**What is expected:**
What you return must match the data below exactly, minus any pictures.

**Collected data:**
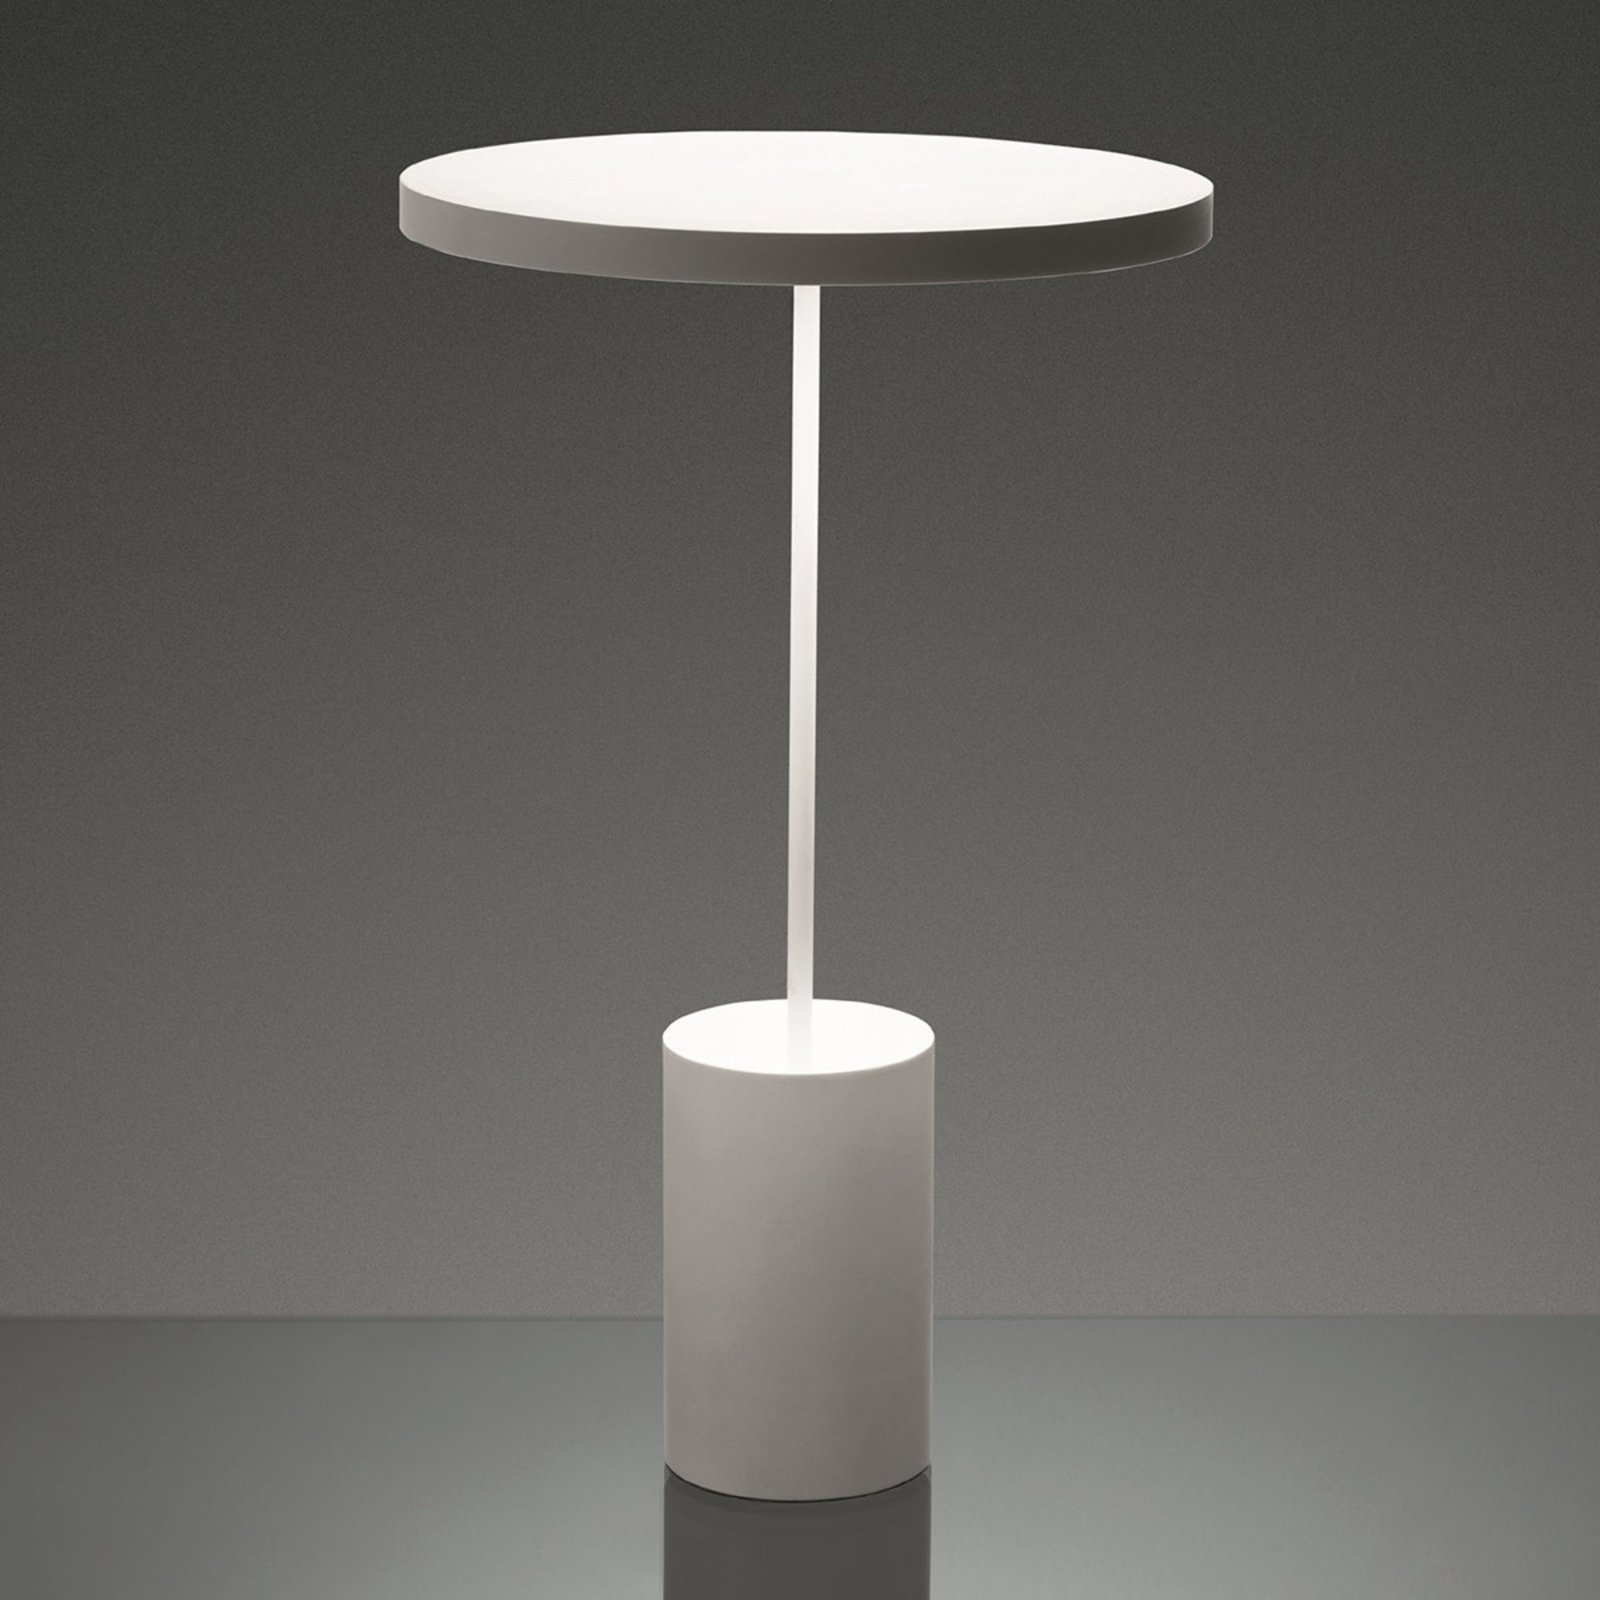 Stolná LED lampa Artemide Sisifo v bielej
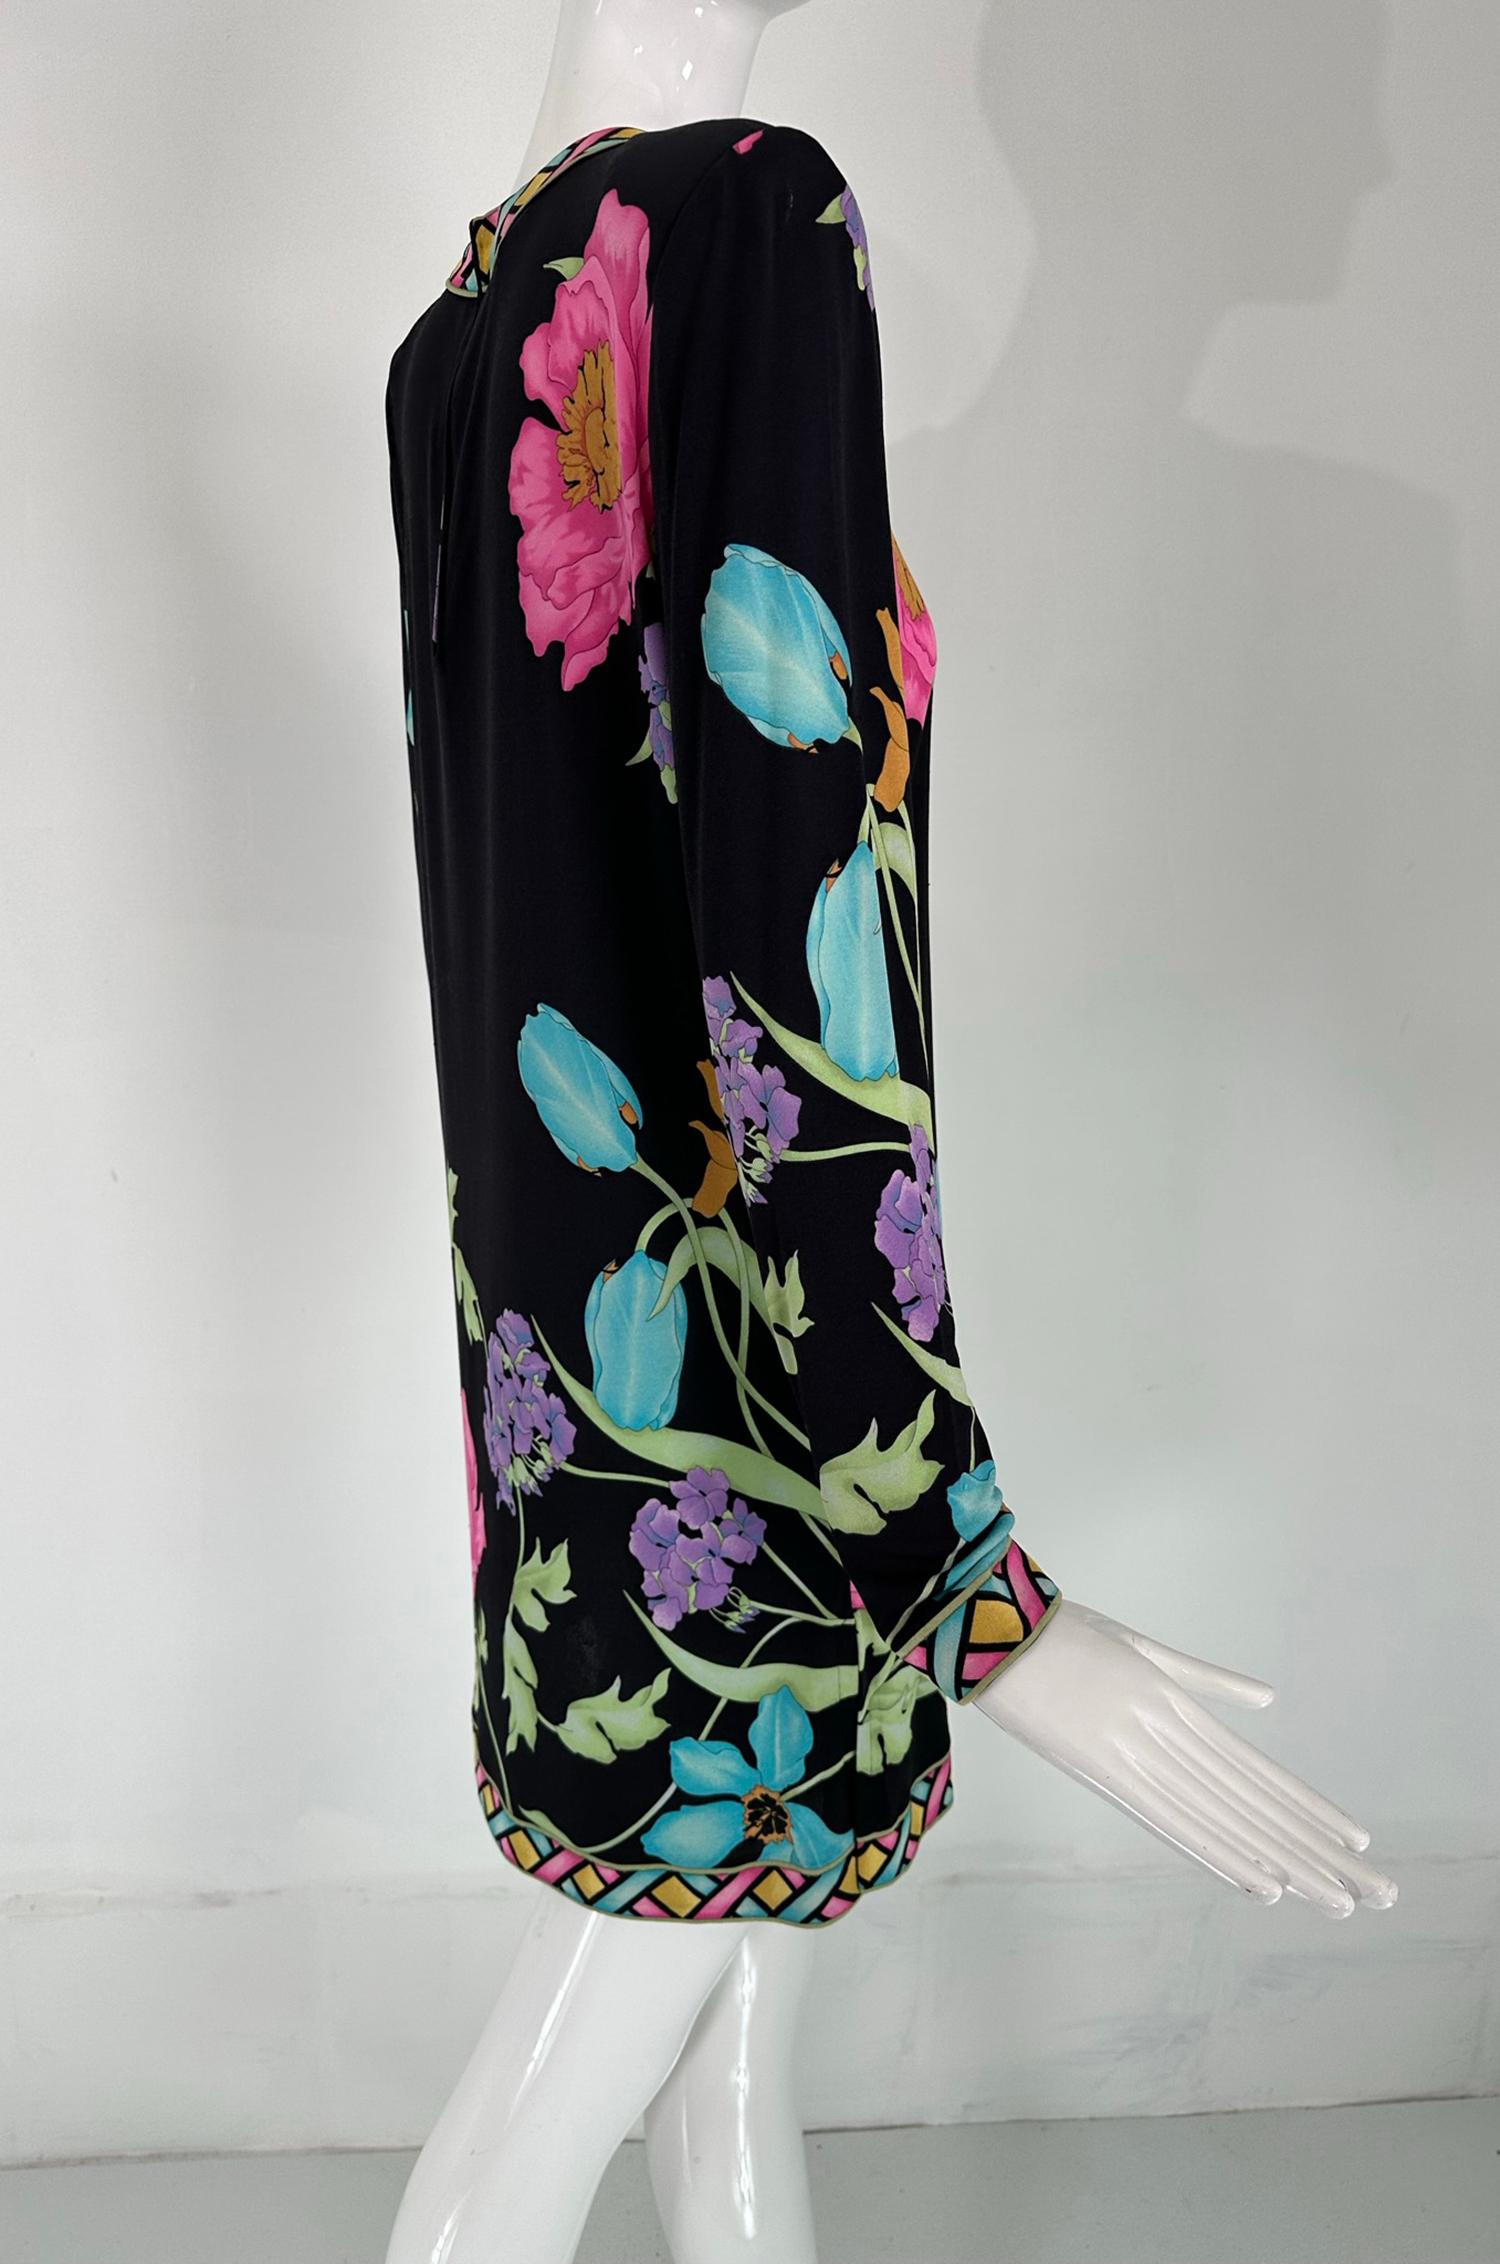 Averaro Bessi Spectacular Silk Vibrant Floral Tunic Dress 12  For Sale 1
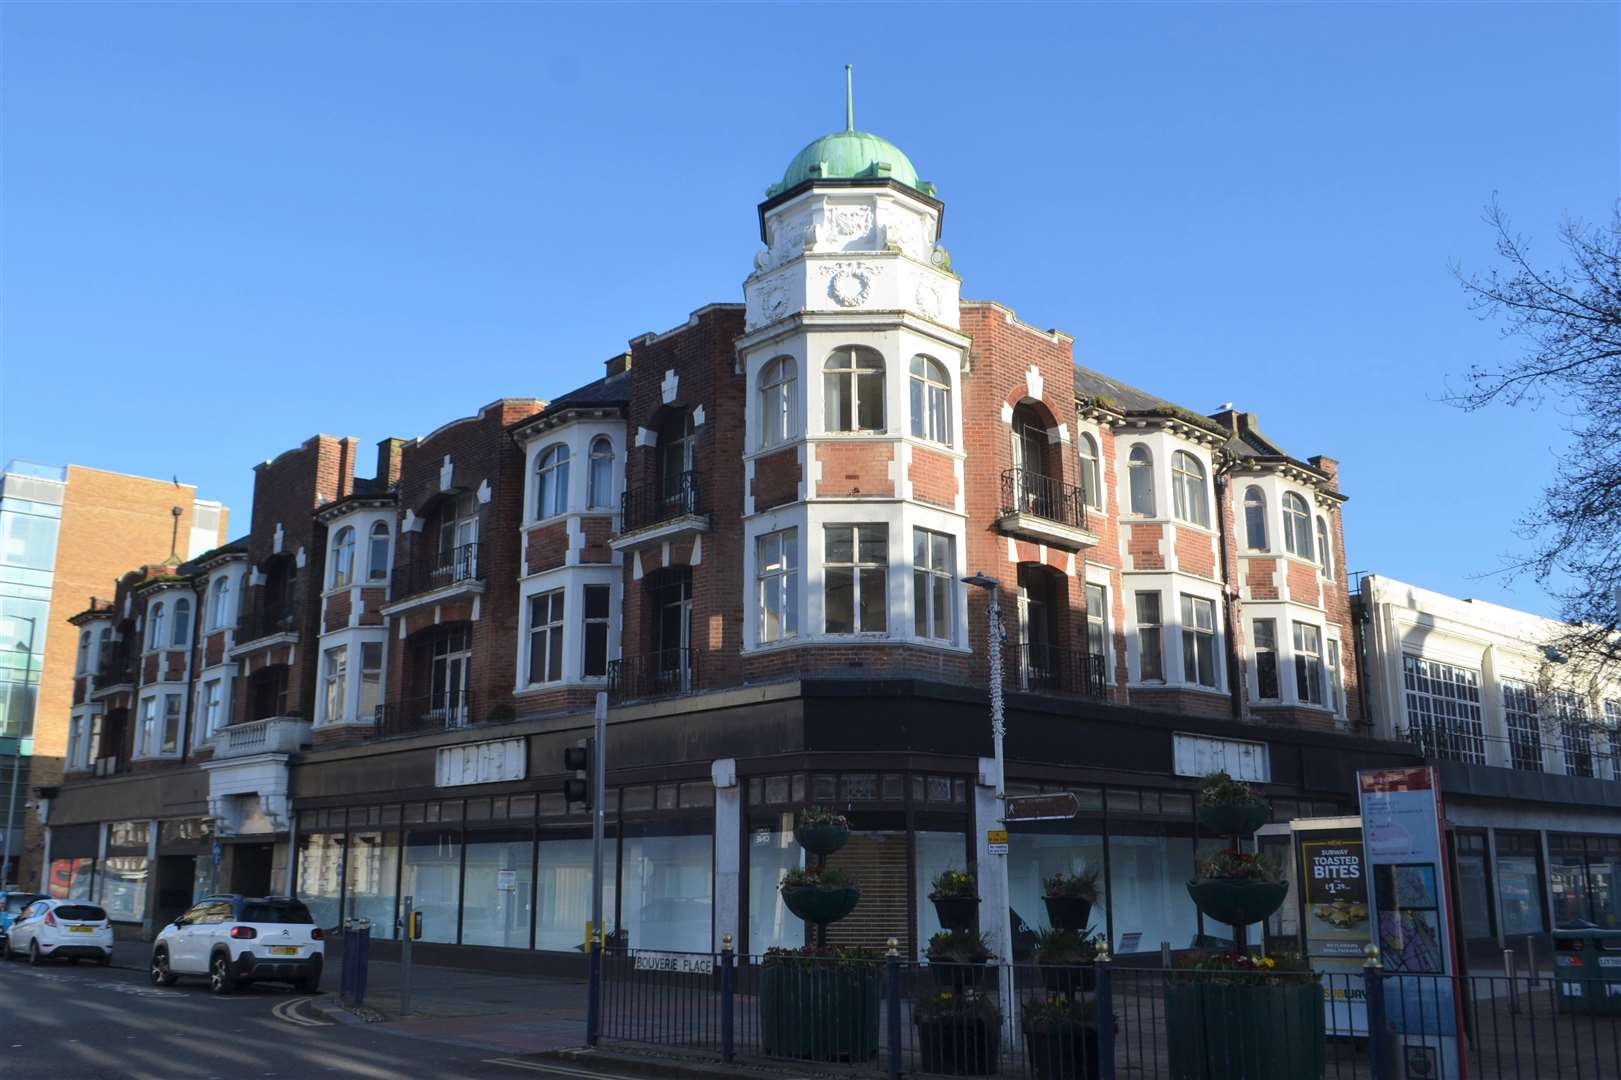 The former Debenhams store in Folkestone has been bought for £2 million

**Task answer:**
 Stolná LED lampa Artemide Sisifo v bielej
 Averaro Bessi Spectacular Silk Vibrant Floral Tunic Dress 12  For Sale 1
 The former Debenhams store in Folkestone has been bought for £2 million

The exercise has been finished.